Expert Commissioner for the Constitutional Council
- In office 25 January 2023 – 7 November 2023

Personal details
- Born: 15 September 1977 (age 48) San Felipe, Chile
- Party: Democratic Revolution; Frente Amplio;
- Spouse: Viviane Lennon
- Alma mater: Diego Portales University (LL.B); Columbia University (LL.M); York University (PhD);
- Occupation: Academic
- Profession: Lawyer

= Domingo Lovera =

Chilean lawyer, academic and politician

Domingo Lovera Parmo (born 15 September 1977) is a Chilean lawyer, academic and politician, member of Revolución Democrática.

He was a member of the Expert Commission created to draft a preliminary constitutional text during the 2023 Chilean constitutional process.

==Biography==
He was born in San Felipe in 1977, the son of Ana María Parmo Sainz. He is married to Viviane Lennon González.
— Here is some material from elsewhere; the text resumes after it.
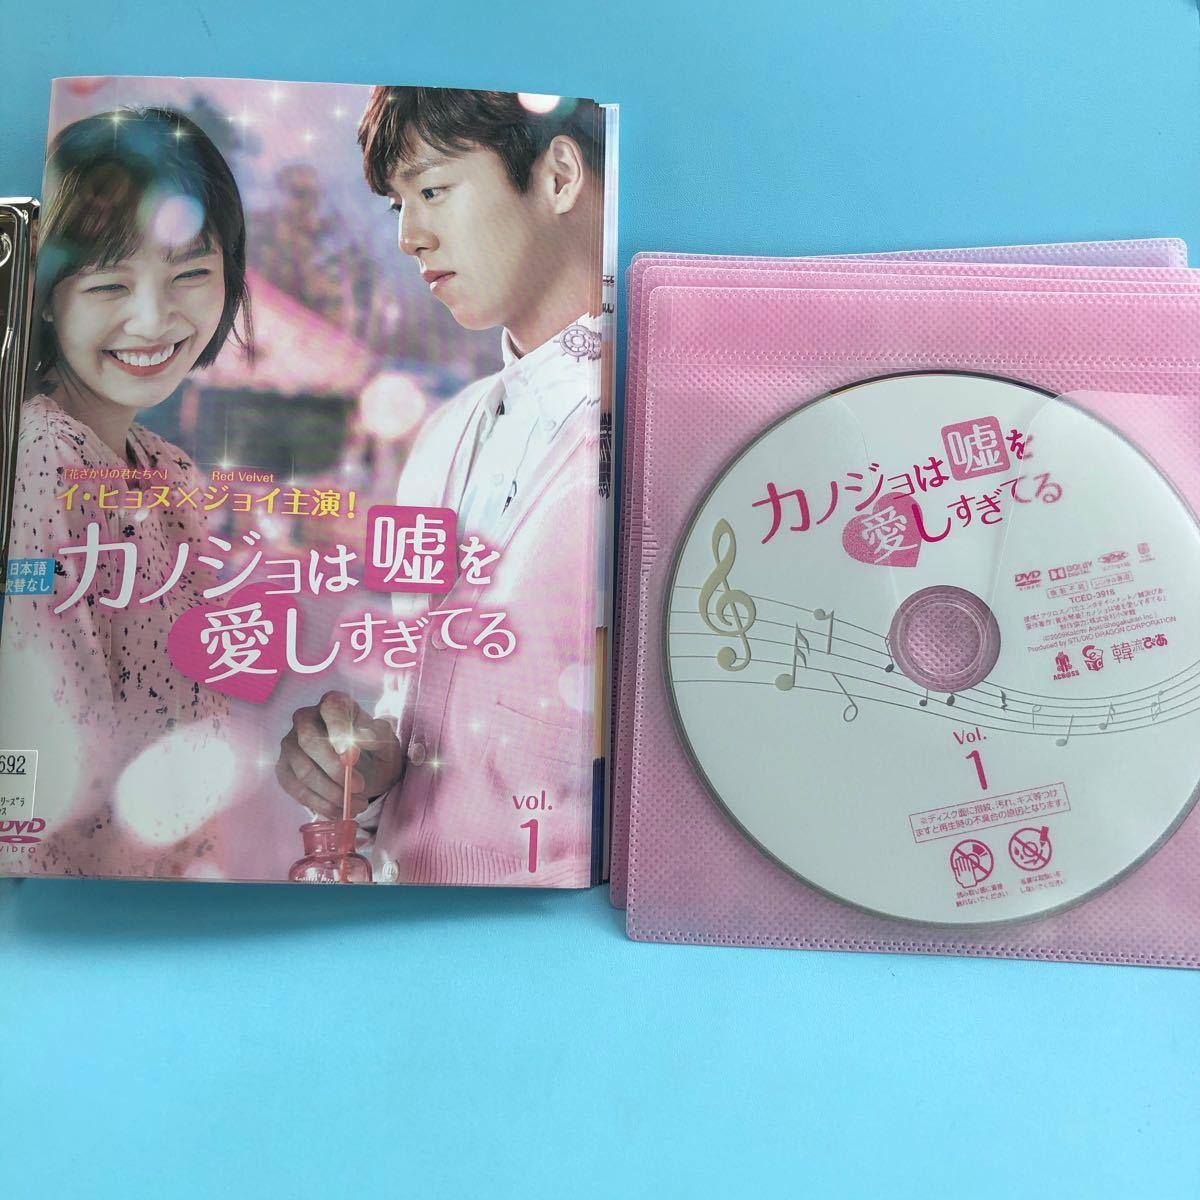 カノジョは嘘を愛しすぎてる DVD 全10巻セット 韓国ドラマ

He studied law at Diego Portales University, graduating in 2003. His academic career began there, first as teaching assistant in Administrative Law under professor Domingo Hernández (1998), then at the Human Rights Center (2002), where he worked on the Disability Rights Program with María Soledad Cisternas, and later directed the Human Rights Clinic with Felipe González.

He was also assistant professor in the Department of Legal Theory under Agustín Squella and in Constitutional Law, where he later became full professor.

From 2006 to 2007, he completed an LL.M. at Columbia University, United States, as a Human Rights Fellow, where he was awarded the distinction of Harlan Fiske Stone Scholar. In 2016, he obtained a PhD in Law from York University in Canada.

==Professional career==
Lovera has taught at Diego Portales University since 2002, serving as co-director of the Public Law Program since 2019. From 2008 to 2016 he was professor at the School of Industrial Engineering of the University of Chile, and, from 2009 to 2010, he also taught at the Adolfo Ibáñez University Law School.

He has published books and academic articles on constitutional law and human rights.

===Constitutional process===
A member of Revolución Democrática, Lovera was appointed in January 2023 by the Chamber of Deputies of Chile as member of the Expert Commission, established by Law No. 21.533. Within the commission, he joined the Subcommission on Jurisdictional Function and Autonomous Bodies.

Later he was part of the Mixed Commission tasked with resolving disputed provisions of the draft Constitution. In December 2023, he criticized the final proposal as reinforcing the neoliberal model of 1980.